## Extracted records
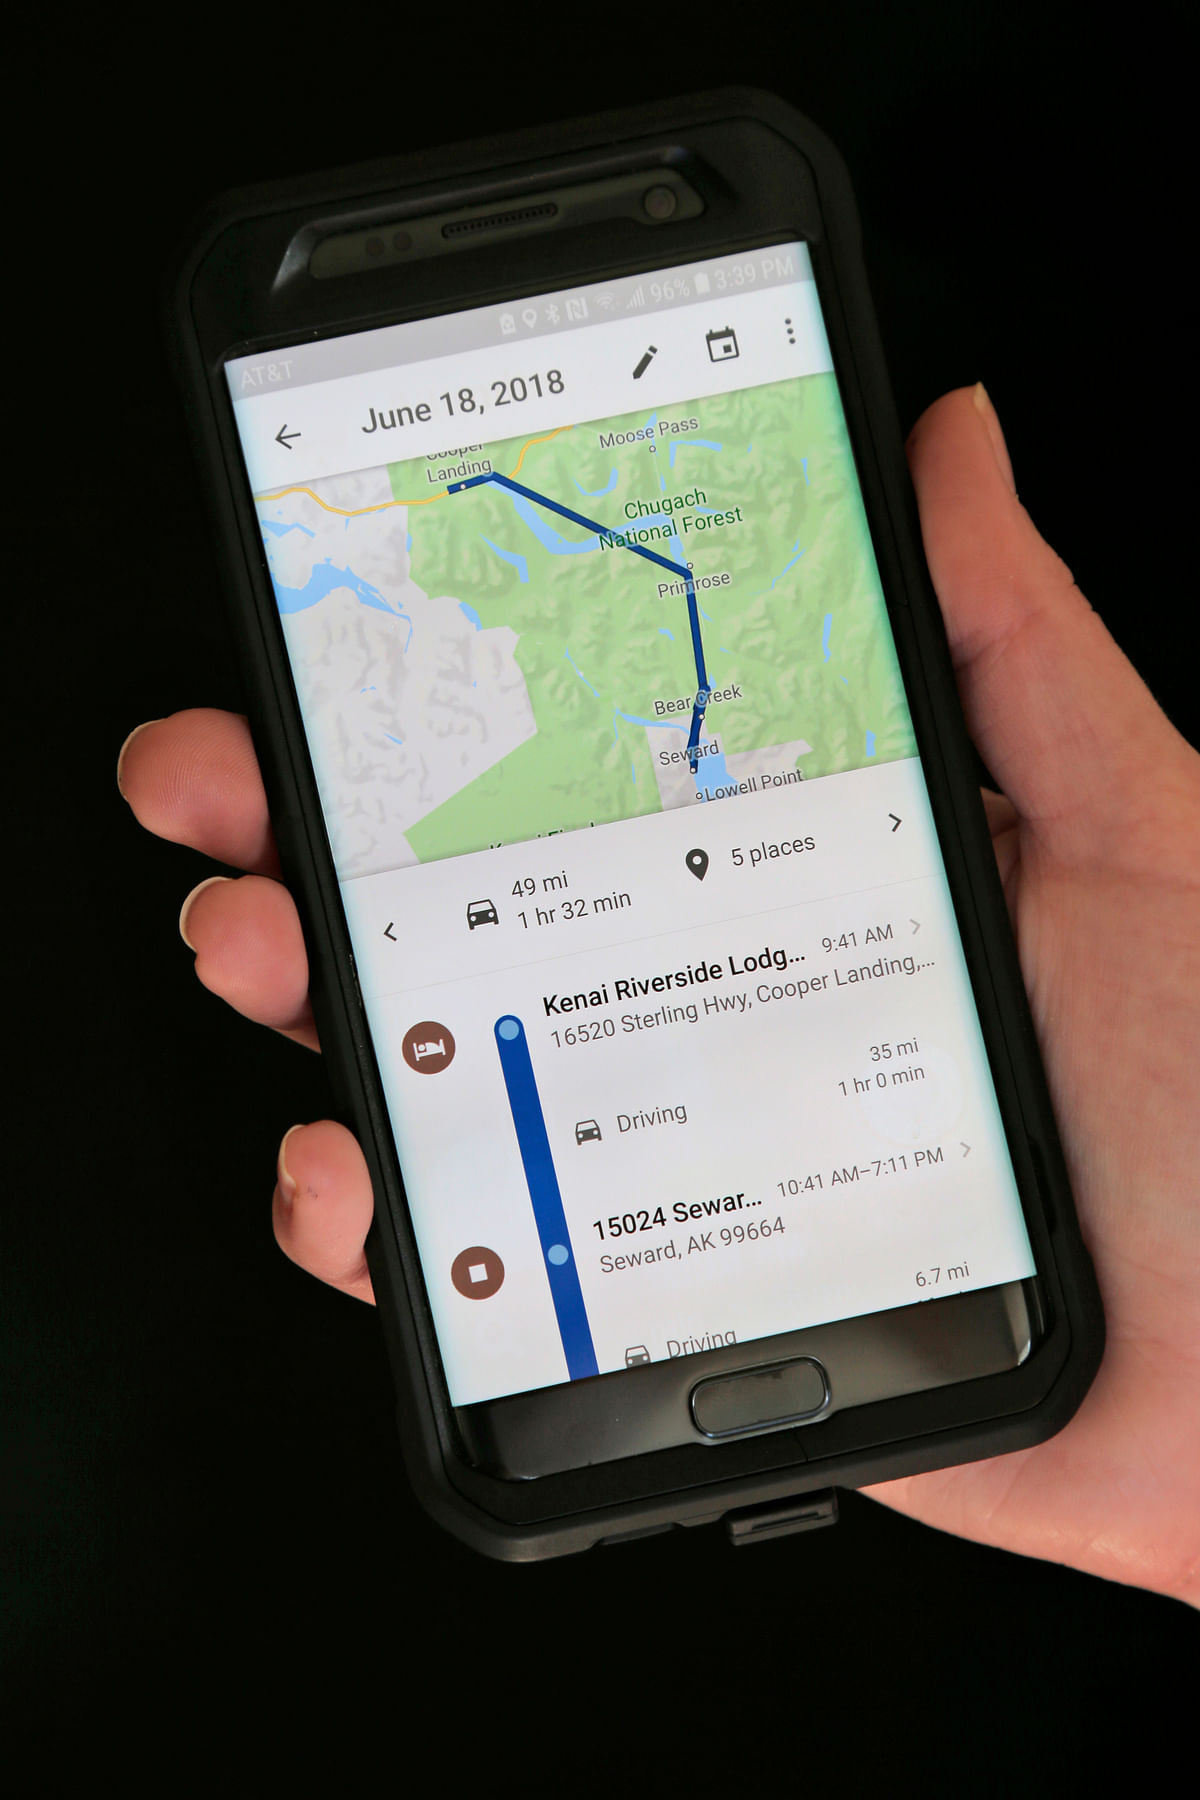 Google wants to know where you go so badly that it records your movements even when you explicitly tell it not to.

---

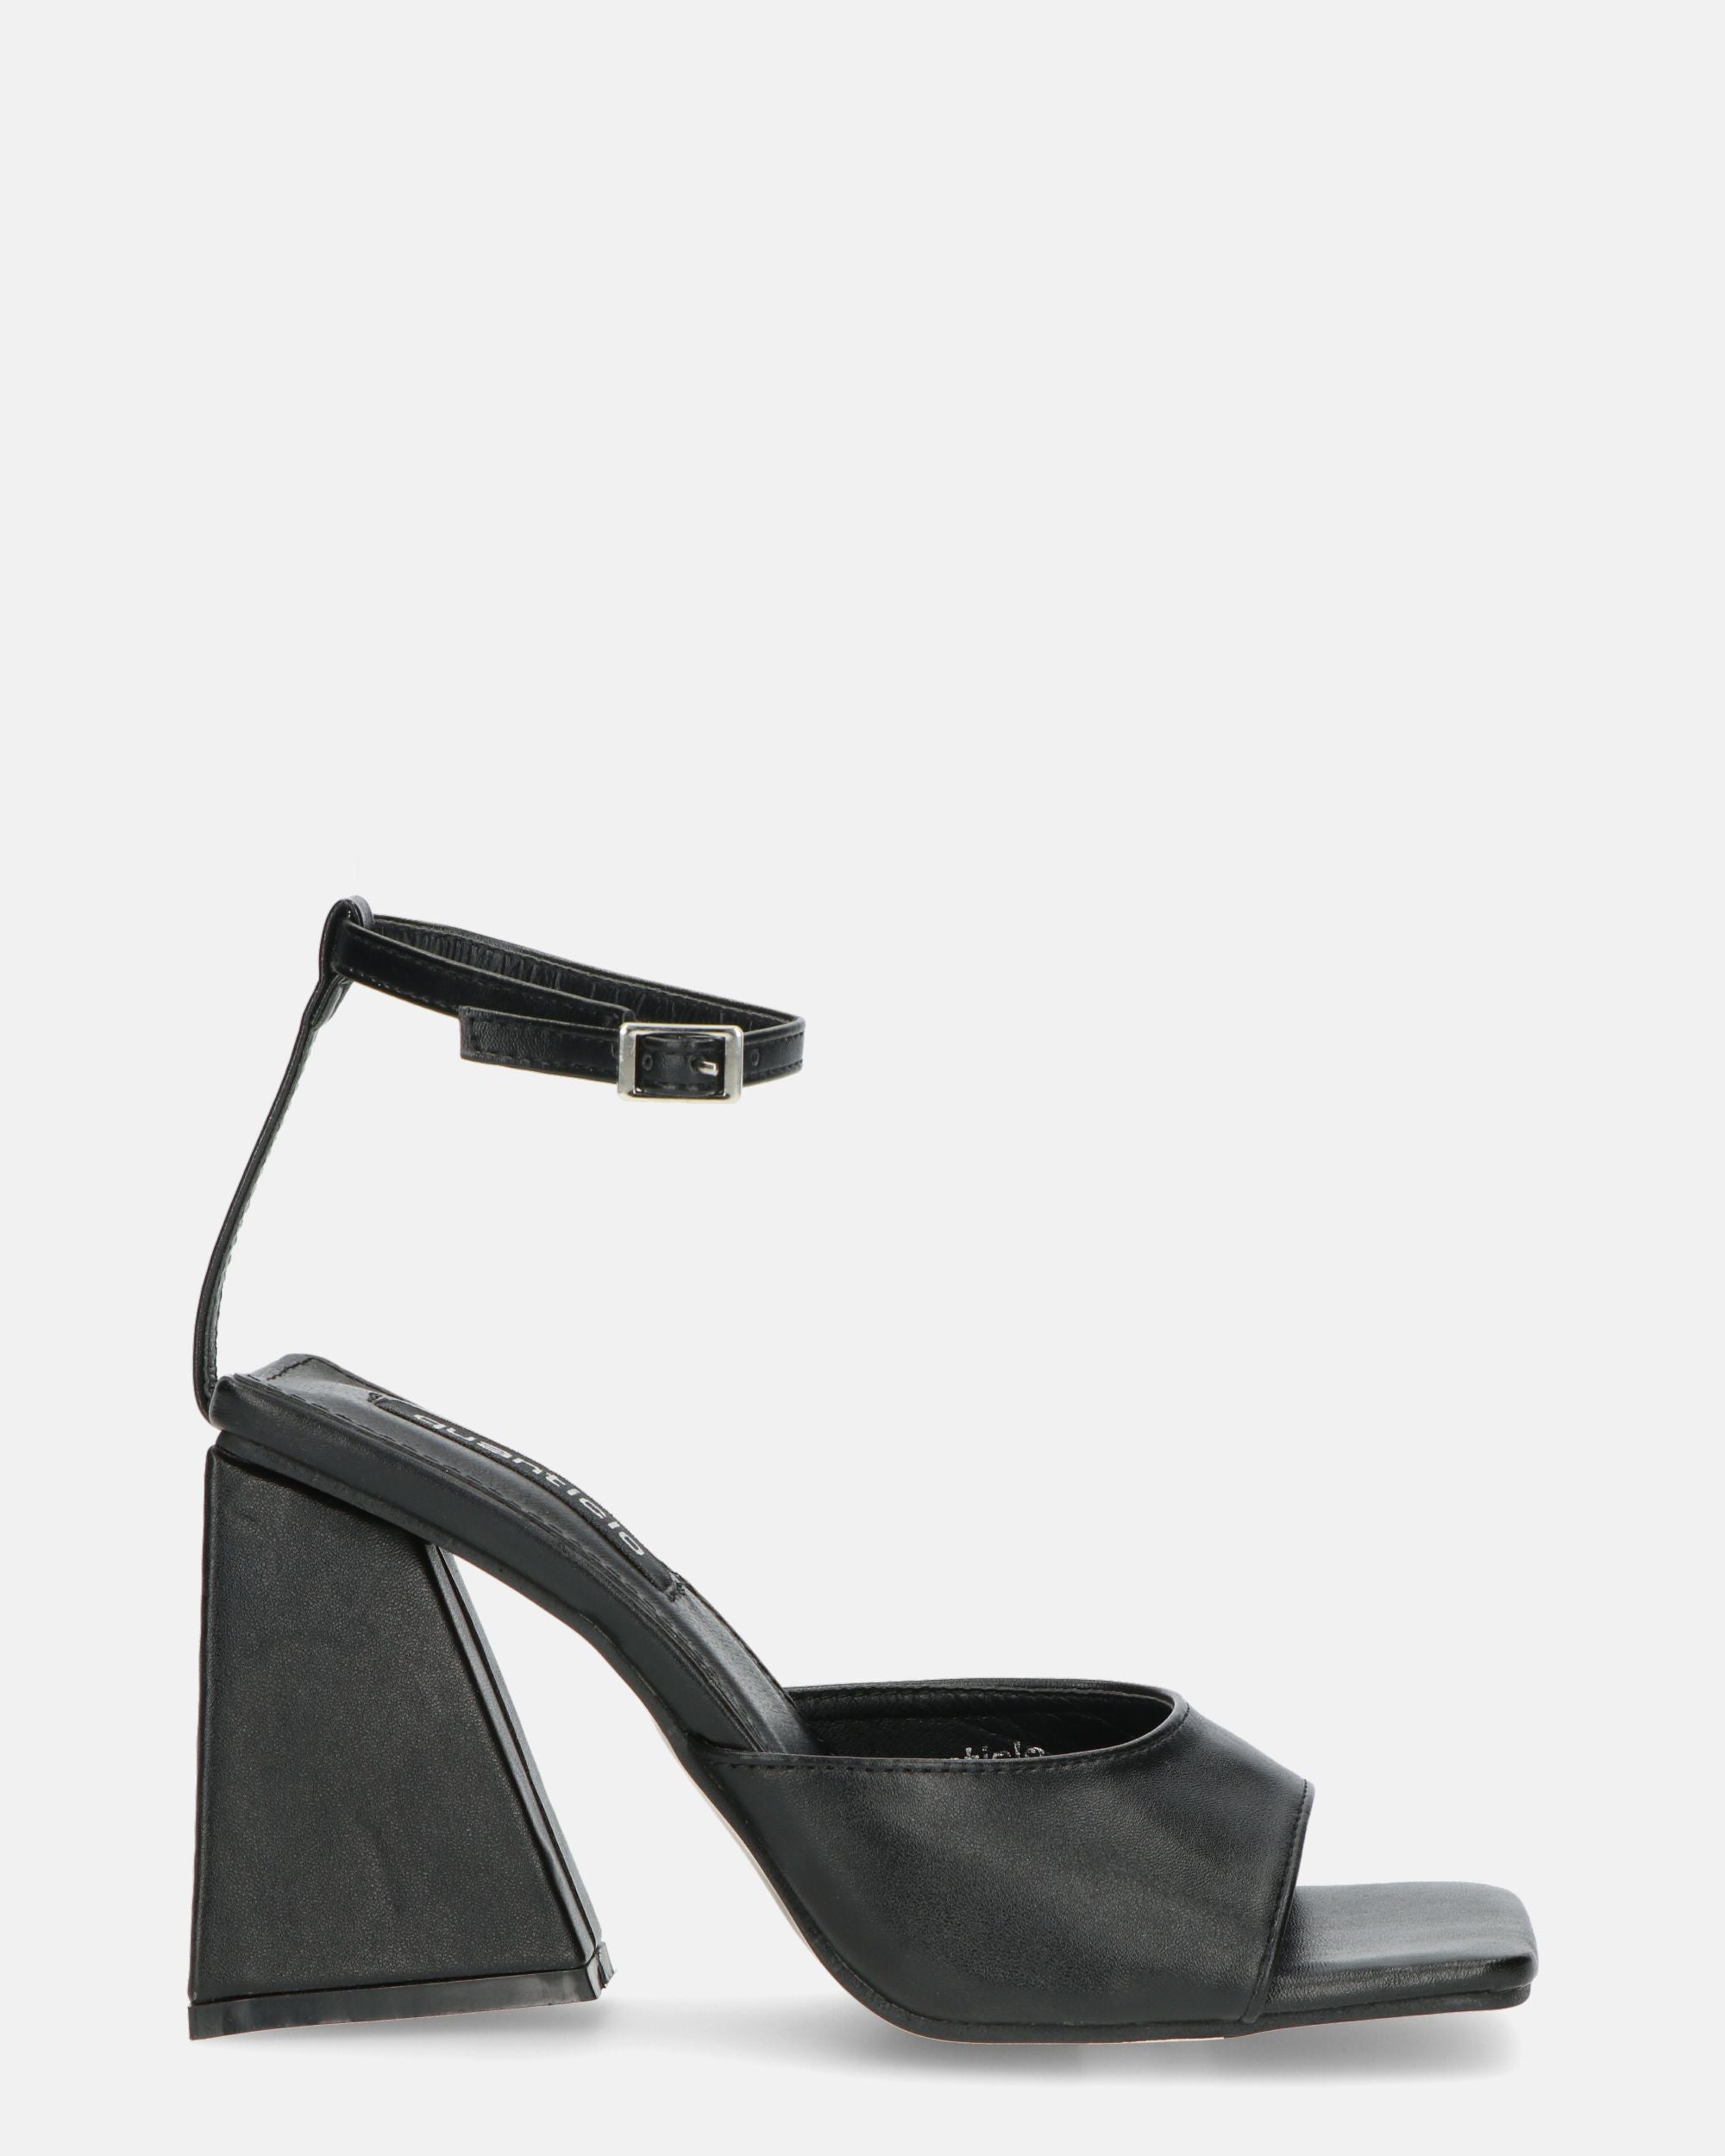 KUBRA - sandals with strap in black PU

---

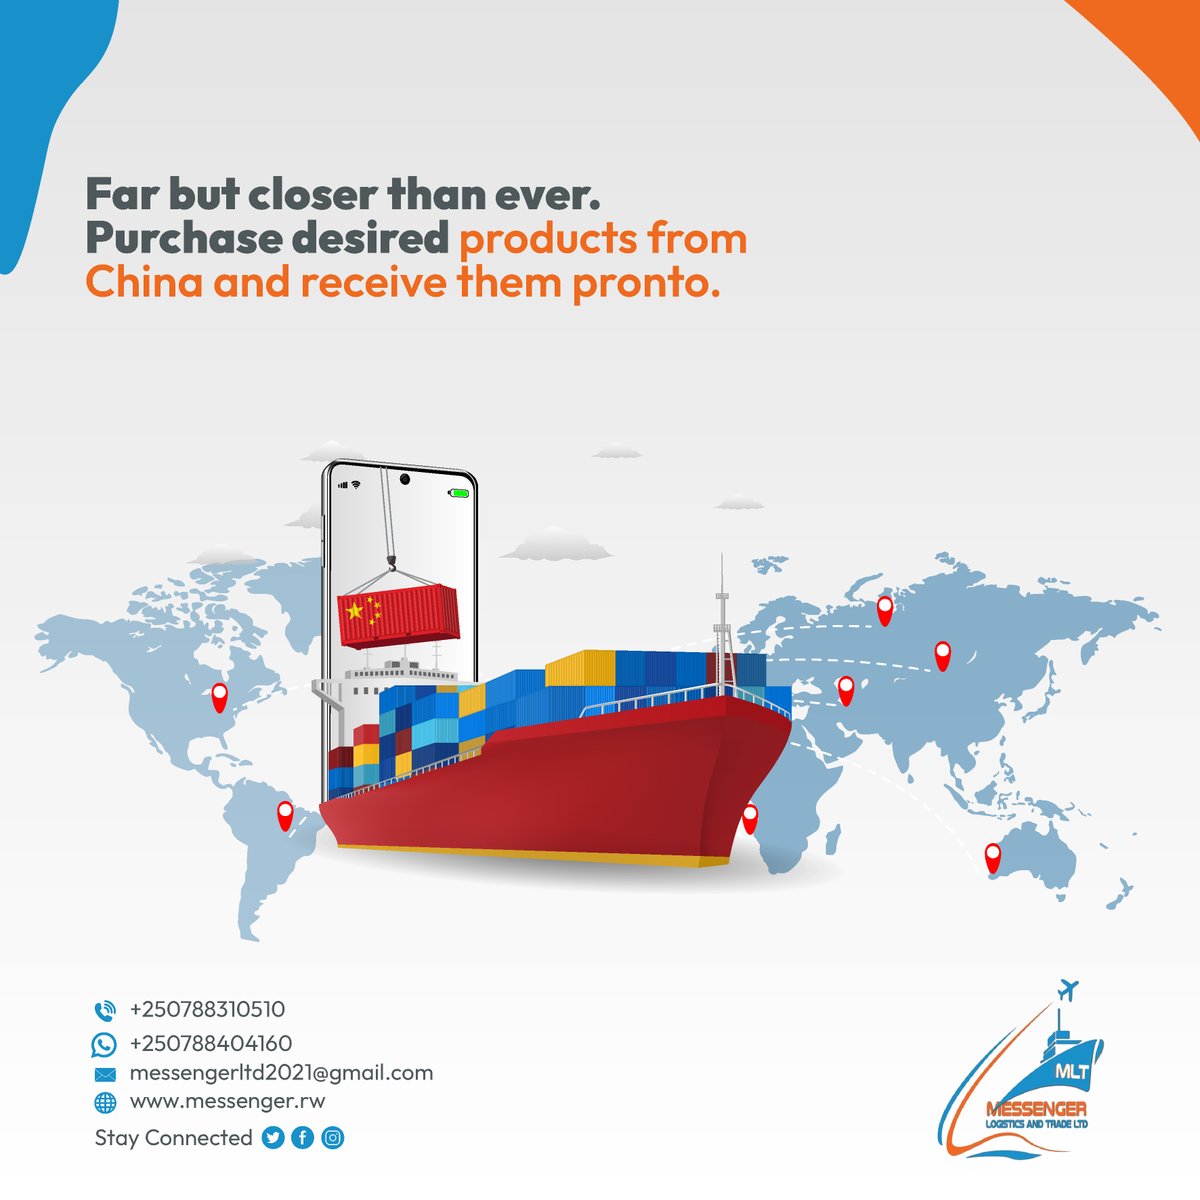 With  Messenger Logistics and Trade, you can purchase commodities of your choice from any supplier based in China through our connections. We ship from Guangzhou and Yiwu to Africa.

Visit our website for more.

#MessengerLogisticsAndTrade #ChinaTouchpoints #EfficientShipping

## What to do
From the data above, output exactly the lines between the one containing "Visit our website for more." and the one containing "#MessengerLogisticsAndTrade #ChinaTouchpoints #EfficientShipping", counting both of them.

## Completed exercise
Visit our website for more.

#MessengerLogisticsAndTrade #ChinaTouchpoints #EfficientShipping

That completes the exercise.